7 июля 2016Медиа
162

«Я далека от мысли, что Андрея Некрасова кто-то купил»

Правозащитница и публицист Зоя Светова отвечает режиссеру Андрею Некрасову

 
Detailed_picture© Зураб Джавахадзе / ТАСС

После московского показа фильма «Закон Магнитского. За кулисами» его автор Андрей Некрасов дал интервью правозащитнице и публицисту Зое Световой. Позже в своем интервью COLTA.RU режиссер обвинил Зою Светову в искажении его слов. Андрей Некрасов продолжает отстаивать свою версию истории Магнитского и публично обвиняет свою оппонентку во лжи. COLTA.RU попросила Зою Светову, члена ОНК, участницу первого общественного расследования смерти Магнитского, прокомментировать эти заявления.

Мое интервью с Некрасовым, наверное, действительно получилось довольно яростным — и, наверное, это не интервью, взятое по строгим журналистским меркам, не интервью с «холодным носом». Я не могла, говоря с Андреем Некрасовым, не защитить память Сергея Магнитского. В этой истории мне прежде всего важно, что ему в тюрьме не оказывали медицинскую помощь, что он погиб в тюрьме, что его судили — против всех законов писаных и неписаных — посмертно.

История Сергея Магнитского для меня во многом — история очень личная. Я стала членом Общественной наблюдательной комиссии в конце 2008 года. А регулярно посещать СИЗО «Бутырка» мы, члены ОНК, начали в августе-сентябре 2009-го. Мы еще не знали, что там сидит Магнитский. И вдруг я читаю в «Ведомостях» о его смерти — на следующий день, 17 ноября 2009-го. Меня это потрясло — получалось, мы, правозащитники, может быть, могли бы что-то сделать, могли ему помочь. Но не сделали этого просто потому, что невозможно обойти все камеры и найти всех больных заключенных — ведь ни адвокаты Сергея Магнитского, ни его коллеги к нам за помощью не обращались. Это объяснимо: осенью 2009 года еще мало кто знал о существовании нашей комиссии. Мало кто знал, что правозащитники могут посещать заключенных в СИЗО и колониях вот так, как это делаем мы, — на регулярной основе.

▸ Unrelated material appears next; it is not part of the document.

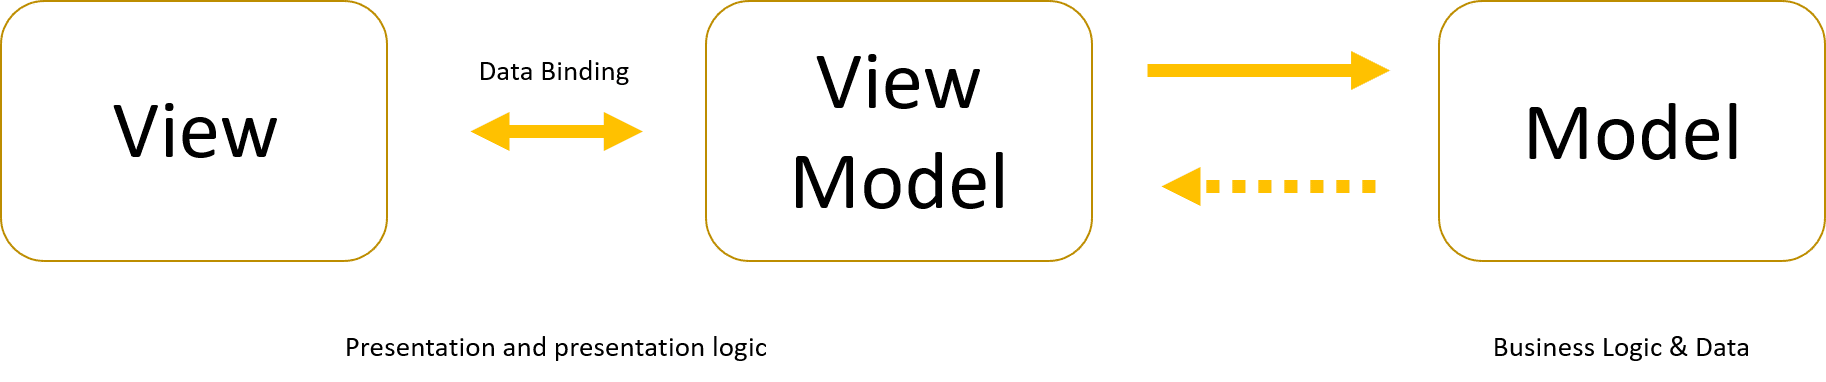 Model-view-view-model (MVVM)
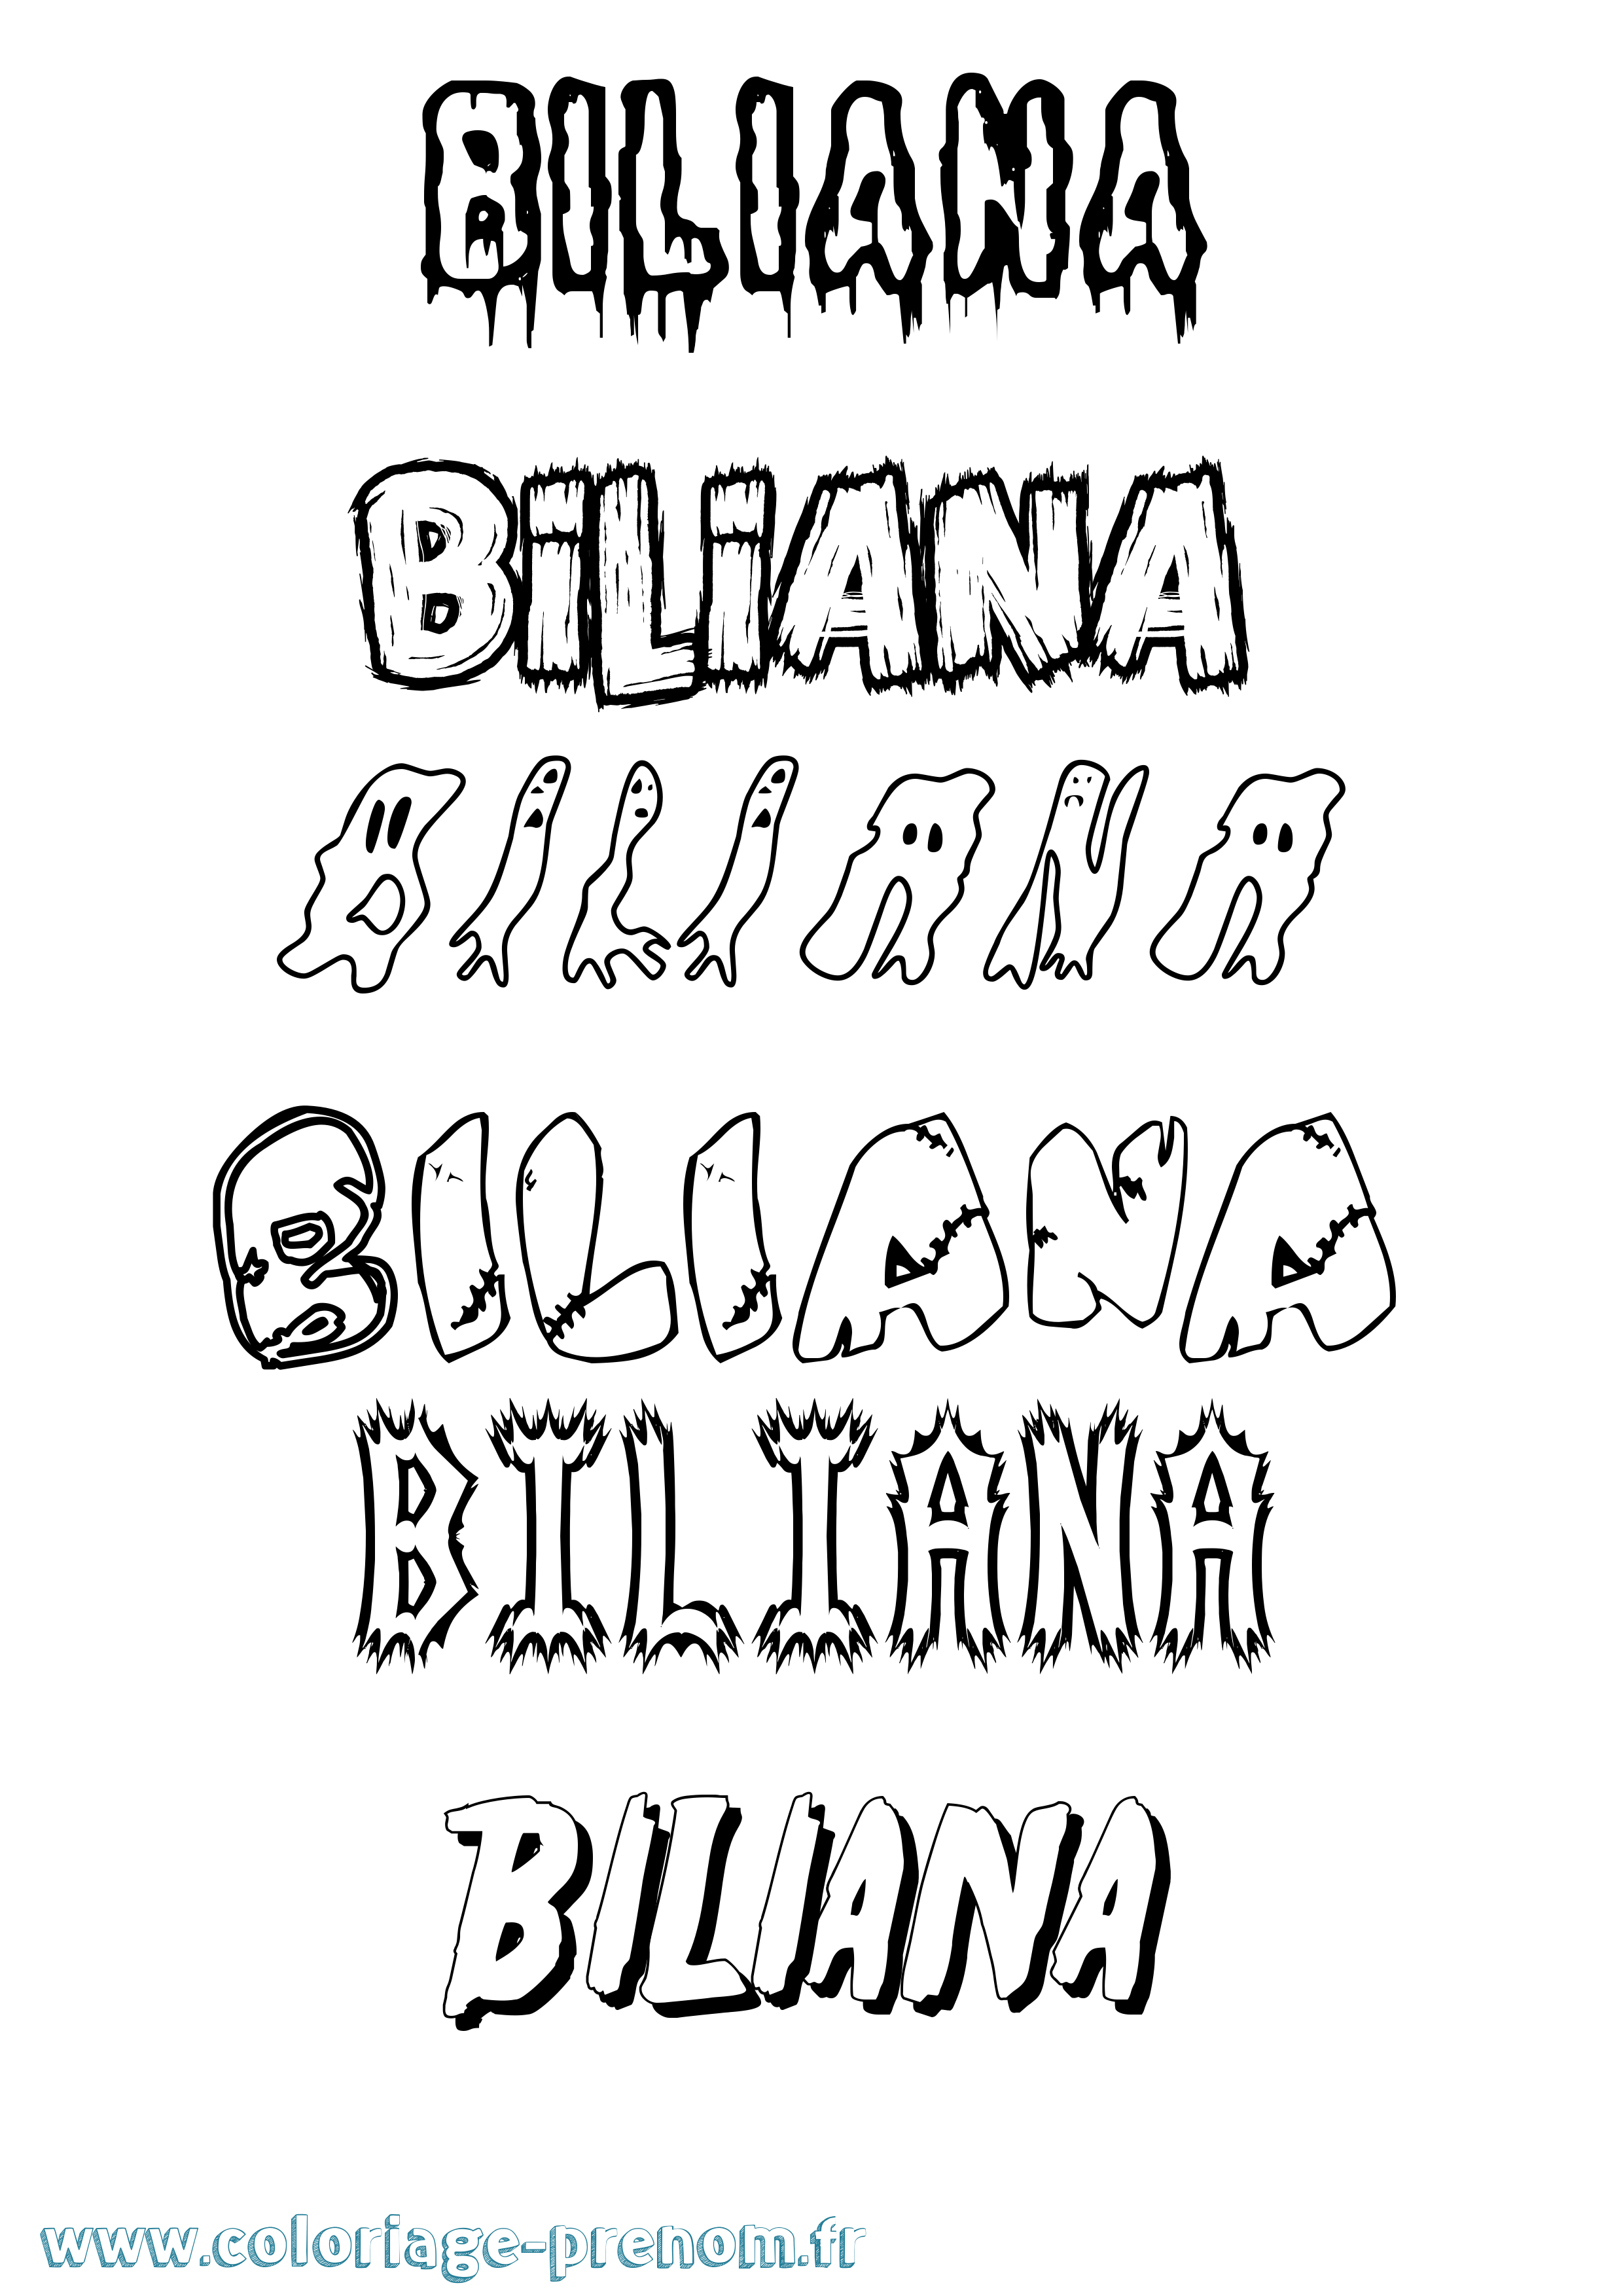 Coloriage prénom Biliana Frisson

Мы занялись расследованием смерти Сергея Магнитского — опрашивали сотрудников «Бутырки», потом «Матросской Тишины». Я тщательно изучала это дело и не раз потом о нем писала (например, тут, а также тут и тут. — Ред.). И уголовное дело было возбуждено после нашего расследования — результаты которого мы рассылали во все инстанции, добиваясь, чтобы начали расследовать его гибель в тюрьме.

Снимали реакции зрителей — то есть всех нас, не спрашивая, сделали массовкой.

Мы расспрашивали работников тюрьмы по горячим следам. Но о многих обстоятельствах дела мы узнали только во время следствия. Вот Андрей Некрасов спрашивает, почему ни я, ни Валерий Борщев, ни кто-либо другой из ОНК в отчете не написал, что к Магнитскому применялись дубинки, что на него надевали наручники. Но мы этого не могли написать — только во время следствия мы увидели все эти документы. Мы знали только, что к Магнитскому в «Матросской Тишине» вызвали так называемую группу усиления из 8 человек. Это нам сказала врач Александра Гаус, одно из главных действующих лиц этой трагедии, — в ее дежурство Магнитского из СИЗО «Бутырка» доставили в больницу «Матросской Тишины» с острой болью. Она сочла, что у него острый психоз, он неадекватен и агрессивен, и вызвала психиатрическую скорую, но поскольку скорая, по ее словам, долго не ехала, она попросила вызвать группу усиления.

Андрей Некрасов говорит: ну, группа усиления, но это же не значит, что его избивали. Но любому нормальному человеку понятно, что группа усиления приходит не чай с вами пить — они усмиряют заключенных, применяя к ним насилие. Понятно и то, что сотрудник тюрьмы, коим Гаус являлась, никогда не скажет правозащитникам, что вызванные ею сотрудники тюрьмы могли избивать заключенного. Это нетрудно осознать и несведущему человеку — это я и имела в виду, когда сказала Некрасову на обсуждении его фильма «включите фантазию»: я его не выдумывать что-то призывала, а соображать.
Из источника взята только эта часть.